Mexico said on Tuesday it would seek to void a court decision that freed a Mexican drug boss imprisoned for ordering the 1985 torture and murder of a U.S. drug enforcement agent, a ruling that has angered the United States.
A Mexican court on Friday cut short the 40-year sentence Rafael Caro Quintero was serving for orchestrating the killing of Drug Enforcement Administration agent Enrique "Kiki" Camarena, ending his 28-year stay behind bars.
It ruled that he should have been tried in a state court instead of a federal one.
The decision outraged the U.S. government, with some officials demanding Caro Quintero face charges in the United States for ordering the murder.

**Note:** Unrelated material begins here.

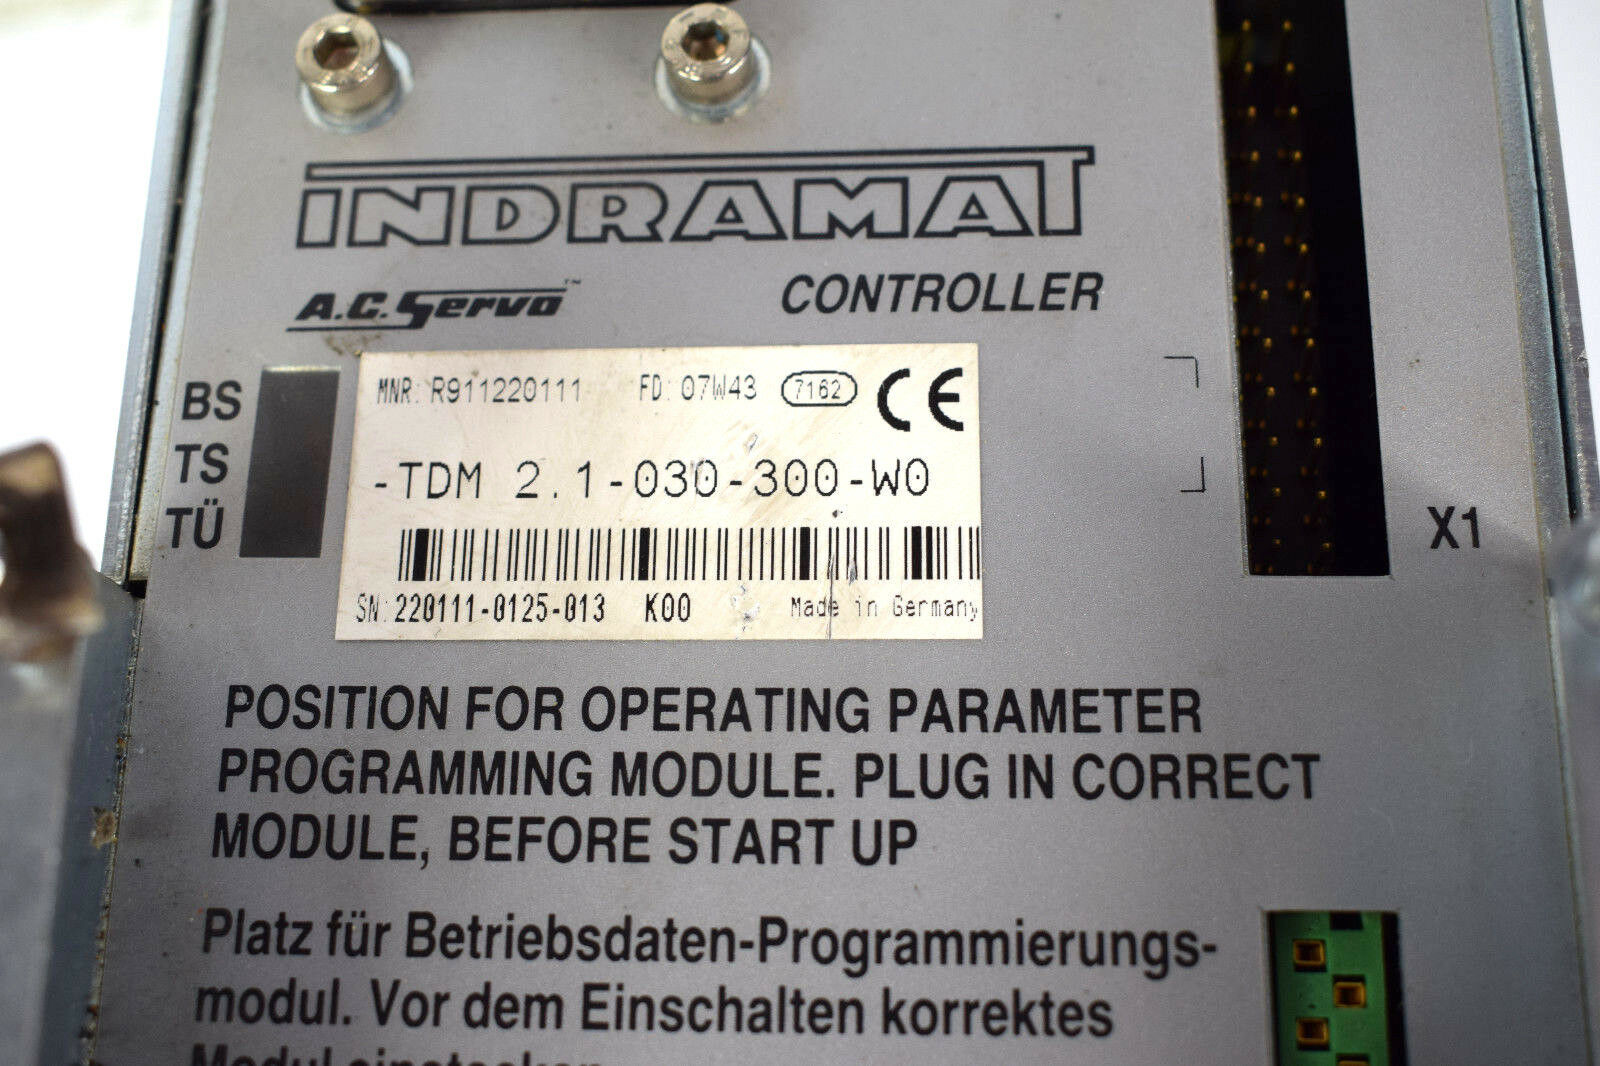 Indramat A.C. Servo Controller TDM 2.1-030-300-W0 ( R911220111 )
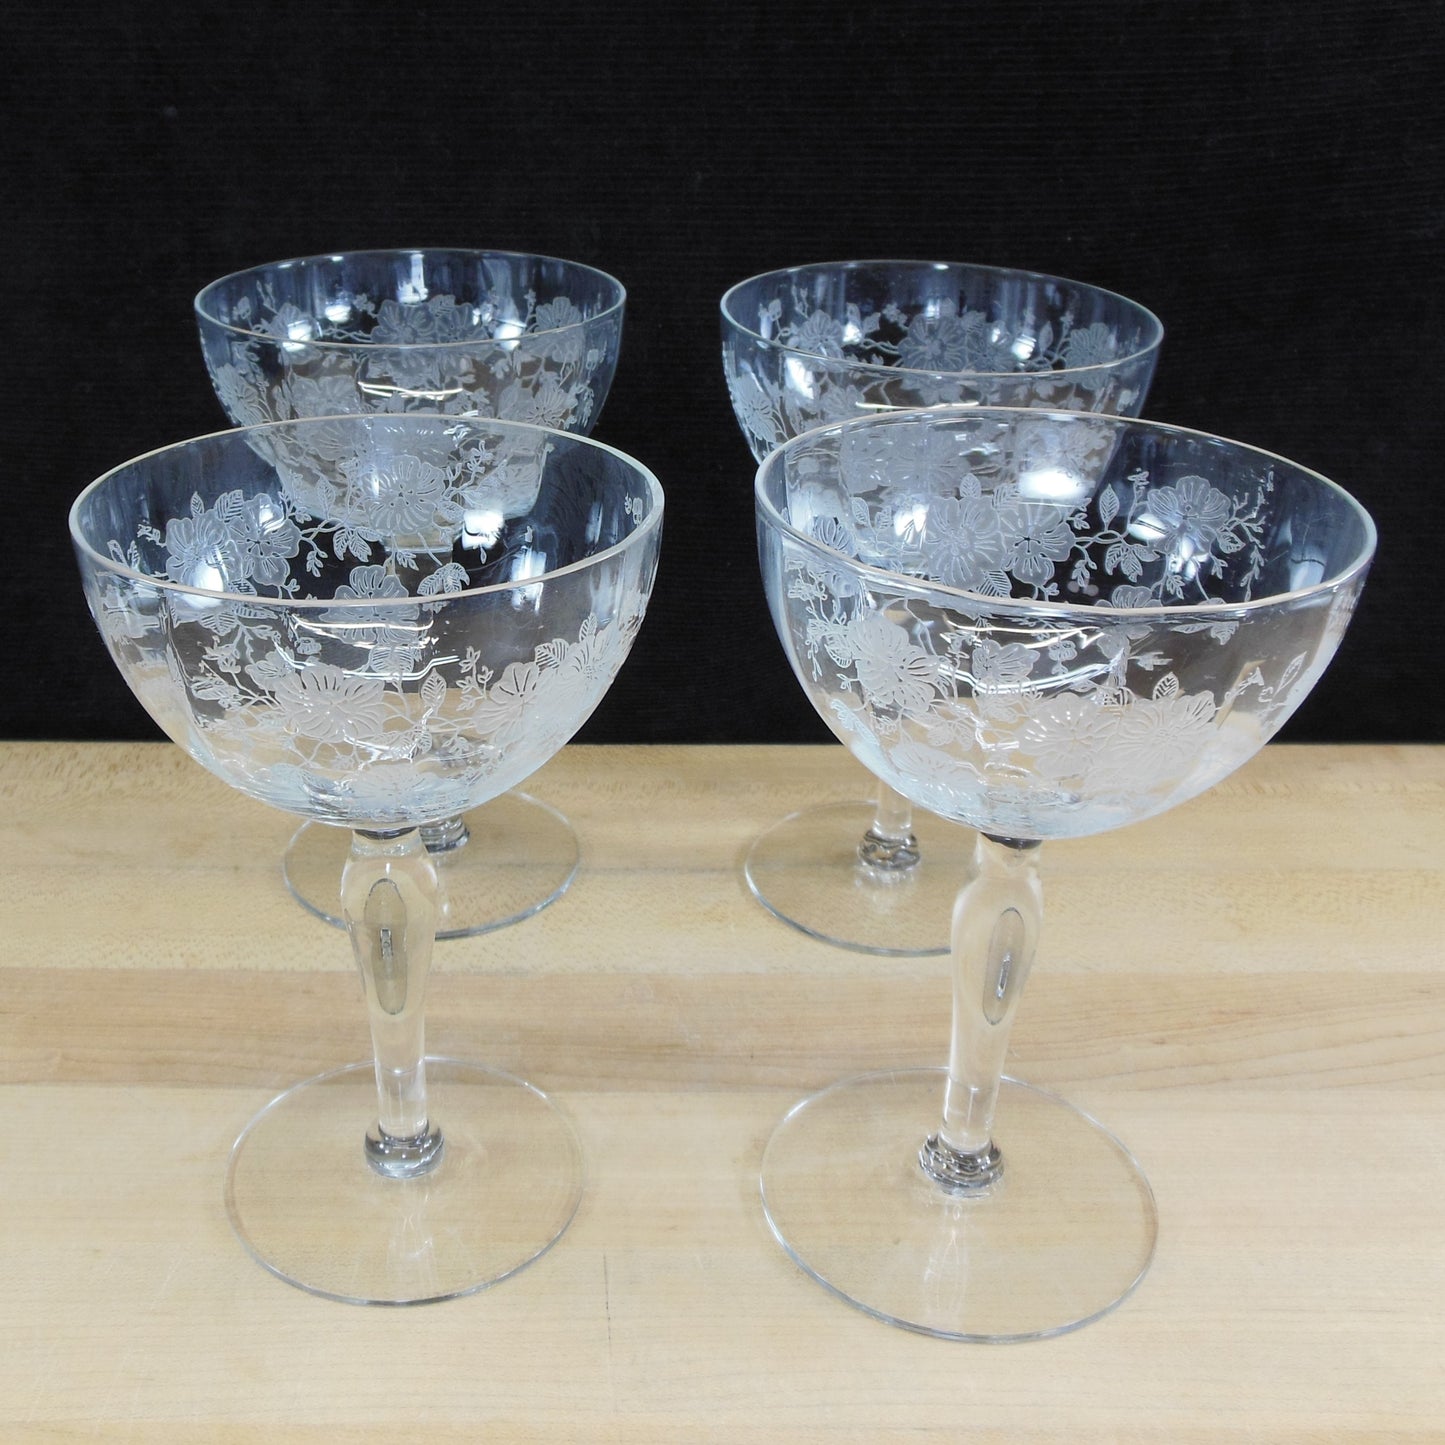 Unknown Maker UNK2629 Elegant Floral Etched Crystal Wine Glass Goblet - 4 Set

"We will have to look for legal avenues at the disposal of the Mexican state to nullify the decision this judge made," Mexican Foreign Minister Jose Antonio Meade told reporters.
Mexico's judiciary is independent of the executive branch, and it was not immediately clear what steps the government could take to have the decision overturned.
Caro Quintero, whose lawyer could not be reached for comment, was a leader of the Guadalajara cartel, a forerunner of the Sinaloa cartel led by Mexico's most-wanted drug lord Joaquin "Shorty" Guzman.
Camarena was kidnapped, tortured and murdered in retaliation for his involvement in successful drug busts.
Meade said the court ruling had not disrupted relations between Mexico and the United States.
More than 70,000 people have been killed in Mexican drug violence since 2007, when the previous government launched a militarized attack on warring cartels.
President Enrique Pena Nieto, who took office in December, has shifted the focus away from going after cartel bosses to fighting crimes such as extortion and kidnapping.